Рокот оживления прокатывается по рядам. А Заварзина снова опускает глаза, и от многих не ускользает, как она, на мгновение не сумев совладать с собой, долю секунды стоит с чуть прикушенной губой.
— О молодой юноша, ты потом поймешь, как велик твой грех…
По короткой оглядке — на тех, кто в президиуме собрания, — по взгляду, суматошно хлестнувшему ближние ряды, многие поняли: наступила минута беспомощности. Но только — беспомощности, не отказа.
А диспут продолжался… Рабочие, позабыв о лекторе, сами в пыль разнесли богоборческие идеи баптистки. Она держалась спокойно. У нее хватило сил молча покинуть зал не прежде, чем окончился диспут. С той же лепной улыбкой, с теми же приспущенными веками и вздернутой головой она прошла мимо расступившихся электролизников.
В красном уголке стояла тишина.
На другой день Мария Заварзина не пришла на работу.
После рассказывали, будто видели ее в кузове автомашины, увозившей людей в колхоз, на уборку. Позже кто-то видел ее на самом колхозном поле, видел, как убирала картошку, а еще сидела после у ложка, по-прежнему в сторонке от людей, и опять перед нею была на коленях та книжица в захватанном переплете…
— …Ну, а как же с теми? С той, что сожгла комсомольский билет?

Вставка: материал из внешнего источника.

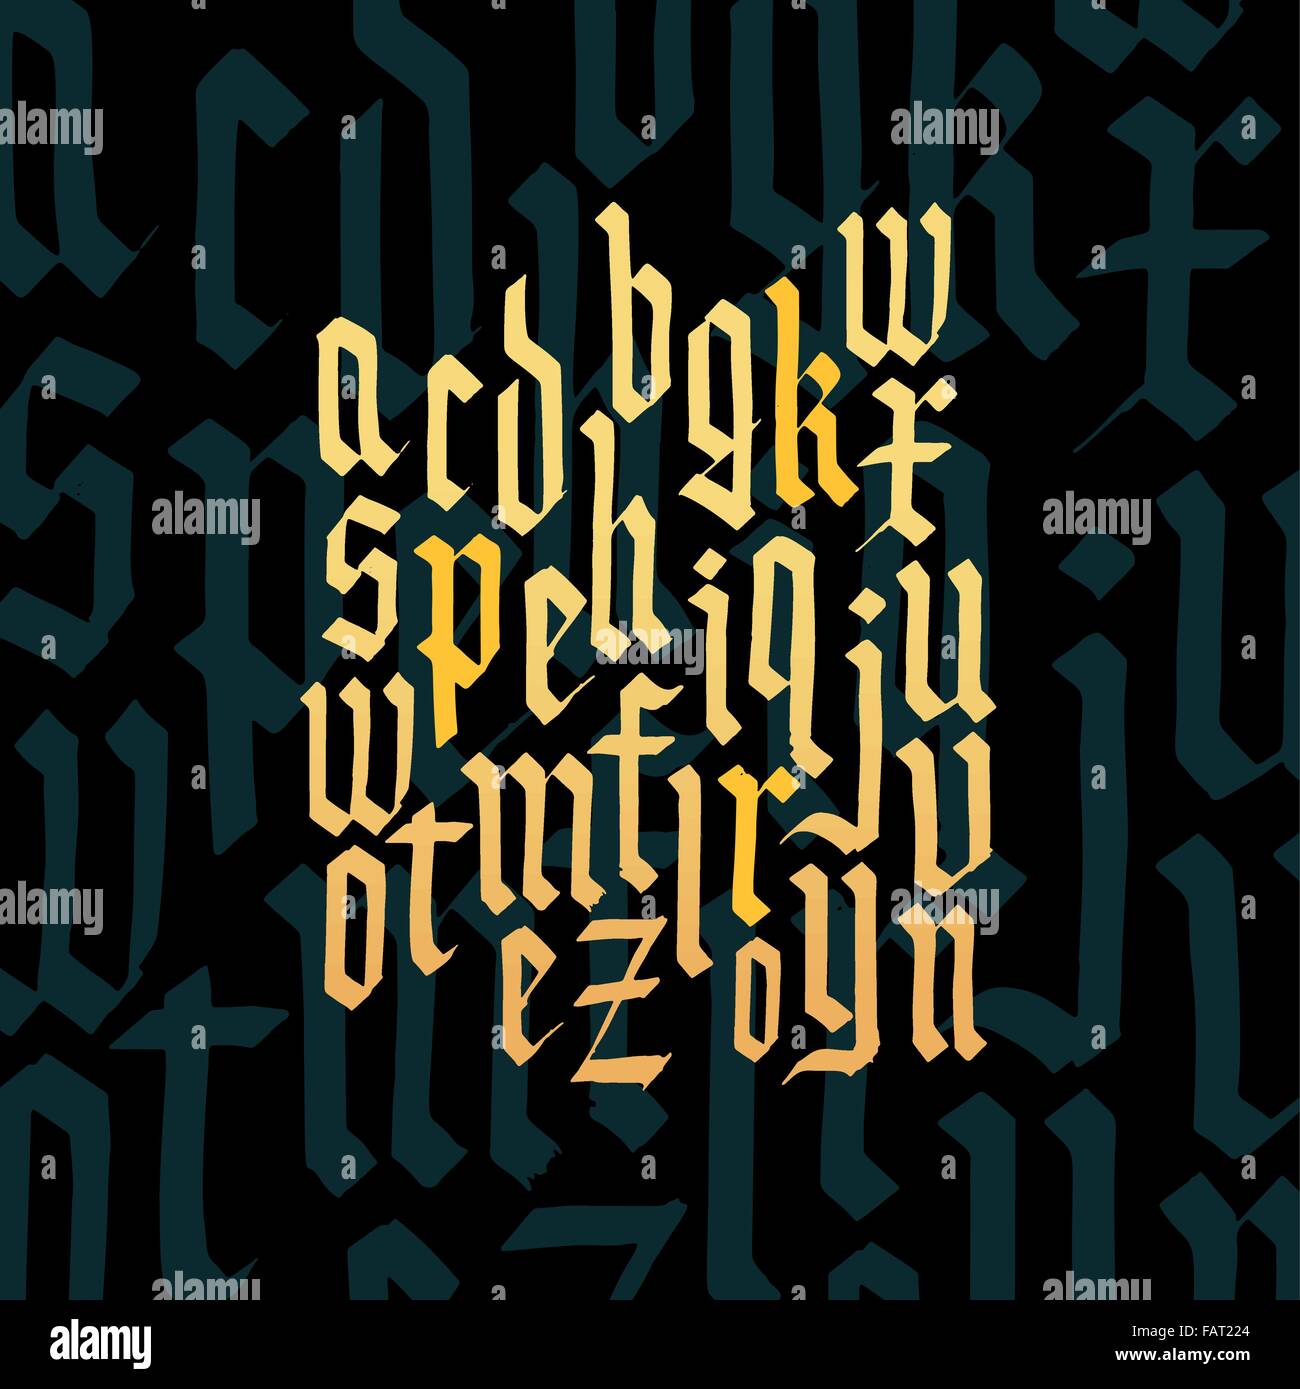 Composizione di lettere minuscole blackletter font gotico. Illustrazione Vettoriale

— Это очень трудная, — вздохнула Забелина, — но благополучная по концу история. У нее теперь семья, сынишка растет. Недавно она стала ударником коммунистического труда. Вам удивительно, может быть? А по-моему, это и естественно и закономерно. Понимаете, с человеком произошло несчастье, душевная драма — сжечь то, что вчера было знаменем для него? Это нелегко искупается. Это такая вина… И после того прикосновения чужой, холодной руки к душе наступил настоящий духовный голод. Ну как же… Святое, истинно святое вынули, а взамен налили пустоту — мечту о «благословенной могиле». Зато сейчас так работает, с такой жадностью, что всякий поймет, глядя на нее: только в работе, только в делании постоянном полнота жизни.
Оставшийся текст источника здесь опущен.